Building capacity to help Africa trade better

Day 2 of Public Forum looks at why trade matters to Africa


Day 2 of Public Forum looks at why trade matters to Africa

Day 2 of Public Forum looks at why trade matters to Africa
Photo credit: WTO

The plenary session of the second day of the WTO Public Forum offered trade facilitation, regional integration and development of small and medium-sized enterprises as some of the elements that would help foster fair and inclusive growth in Africa. Liberia’s Commerce and Industry Minister Axel Addy said that economic development of Africa was “only a matter of time”.

Keynote address

Director-General Roberto Azevêdo delivered the keynote address on Day 2 of the Public Forum on “why trade matters to Africa”. Reiterating the key messages from UN Secretary-General Ban Ki-moon and Deputy President of Kenya, William Ruto, on Day 1 of the Forum, DG Azevêdo highlighted Africa’s potential for growth and the role that trade can play in realizing this.

Mr Azevêdo emphasized that the very existence of an international trading system creates a stable, predictable and transparent business environment which supports growth and development in Africa. The WTO’s Aid for Trade initiative can play an important role, given that Africa is its largest beneficiary, and the full implementation of the Trade Facilitation Agreement can help to integrate Africa and cut the costs of trading significantly. His full speech is available here.

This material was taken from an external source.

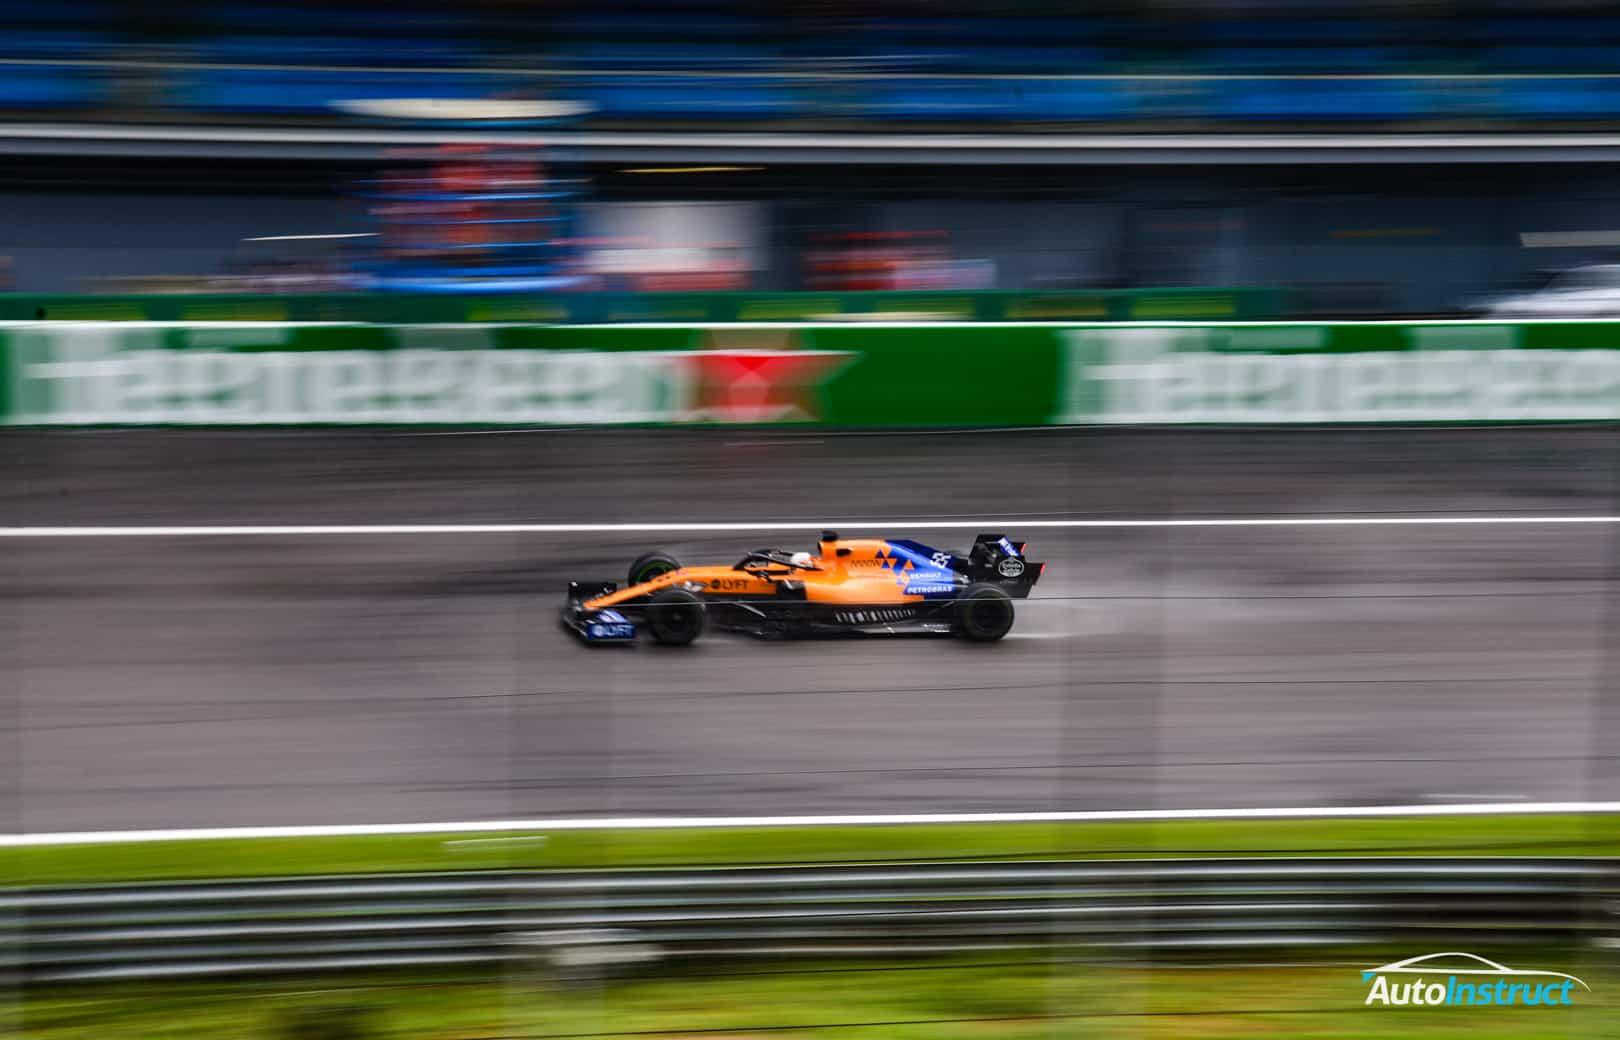 Carlos Sainz Qualifying

Plenary debate: What trade means for Africa

The moderator, Julie Gichuru, opened the debate with a short account of African history. She pointed out that a newly independent continent had started out rather optimistically on the basis of a regional integration and trade agenda in the 1950s but somewhere down the line countries had faltered and lost their way. She encouraged the panel to analyse what had gone wrong and what needed to be done to bring Africa back to a new growth trajectory.

Axel Addy, Liberia’s Minister of Commerce and Industry, said that economic transformation in Africa was inevitable but would take time. He insisted that there is a misplaced pessimism with respect to the continent’s speed of development and compared it to the growth witnessed in western countries, where it took centuries for people to build the nations they currently inhabit. He highlighted the new respect for the culture of governance that the continent has acquired, and stated that peace and development would not be reversed in Africa, and that economic development was only a matter of time.

Paul Brenton, Lead Economist at the World Bank, said he saw enormous potential for trade and integration in the region and that its realization was the Bank’s priority. While there was particular potential for trade in agriculture, an emerging trade in the manufacturing sector was generating a lot of jobs. In terms of trade-related infrastructure, he said that more liberalization and predictability were required. Building capacity for trade is important, as is the implementation of trade facilitating measures. He observed that the main beneficiaries would be small and medium-sized enterprises (SMEs) and the poorest people in the region.

Frank Matsaert, CEO of Trademark East Africa, said that farmers were producing sufficient quantities but were not aware of how or where to sell their produce. To this end, technological innovation is of immense importance to the poorest and most marginalized of producers. He observed that the reality on the ground is quite different to what is portrayed in the media. While people speak of Africa as a market for extractives, the continent has been riding on the wave of a services and construction boom.

Issam Chleuh, Founder and CEO of Africa Impact Group, said that investment was of particular importance to Africa. Investment in businesses could also have social benefits. He added that there was a need to further integrate the continent, to form regional partnerships and to create value chains to realize maximum economic gains.

Razia Khan, Managing Director of Africa Macro Global Research at Standard Chartered, said that African economies had grown considerably. She praised the above-average economic performance of the region compared with global growth. However, she recognized that while trade had been successful in addressing poverty in Asia, African countries had not benefited from inclusive growth. She said that a focus on SMEs must be renewed so that high economic growth is translated into better outcomes for society.

Closing the discussion, DG Azevêdo said that stability is extremely important for Africa as it would help to attract investment and lead to greater economic growth. Infrastructure, both physical and institutional, needs to be strengthened. He said that Africa has an important voice in global issues and that it is sure to achieve growth and become more competitive.